The double name for this Sunday leading us into Holy Week, announces both the joy and suffering which characterises this time. Being Year A, both the glad Hosannas and the cruel call for the release of Barabbas over Jesus, are read from the gospel of Matthew. Because of the beautiful Oratorio of J.S. Bach based on this Matthean Passion, we have, this year, another way of experiencing, beyond words, the experience of Jesus. A fitting way to enter and accompany Jesus in Holy Week, could be to immerse ourselves in the Oratorio.
The opening words of the music are, Come, ye daughters (and sons) help me lament. This is an invitation for all of us. Lament is what is fitting at this time, for He is the innocent Lamb, the one of love and graciousness, carrying the wood of the cross.
At the beginning of the reading of the passion, Matthew reminds us that this is the time of the Passover. Jesus and his disciples are celebrating the great feast commemorating the freedom of the Children of Israel from slavery in Egypt. They passed through the Red Sea from slavery to freedom, from death to life. Matthew presents Jesus as the promised Messiah, not just leading us from death to life, but destroying death forever.

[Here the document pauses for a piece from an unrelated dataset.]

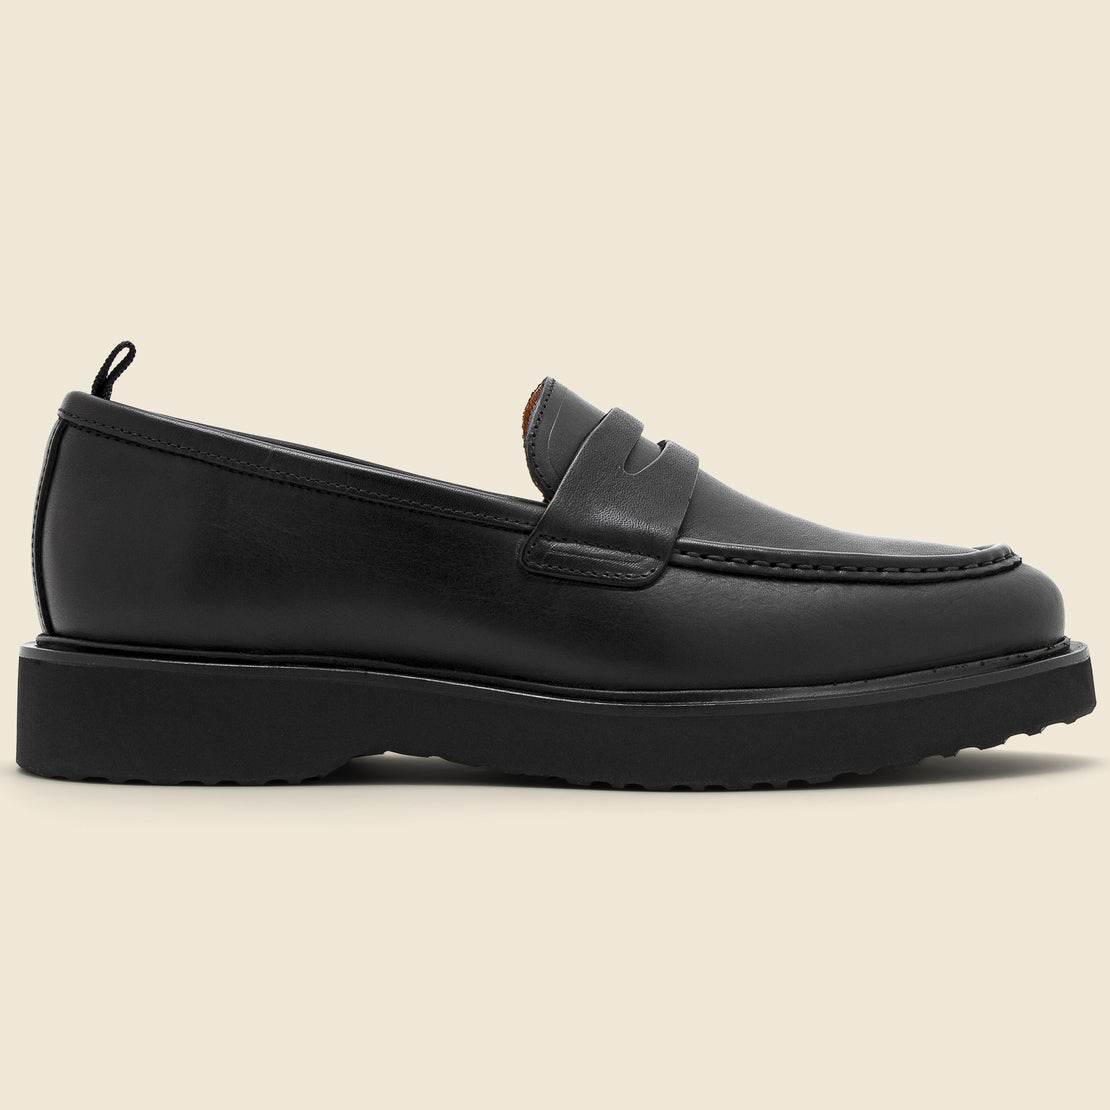 Shoe the Bear Cosmos Leather Loafer - Black

Matthew’s account of the passion seems to be littered with sinners, the scheming authorities, the mockers and scorners, the betraying Judas, the denying Peter. Yet between denial and betrayal we see Jesus give himself as food and drink for our lives. Mathew presents him as the Shepherd who was wounded, the one who took the cup of sorrow for us…. that we might live.
Let us lament at the wonder of it all but let us take this life so dearly won and live it with devotion and gratitude. And because we have received this life, let us be peacemakers, healers, and life givers wherever we are.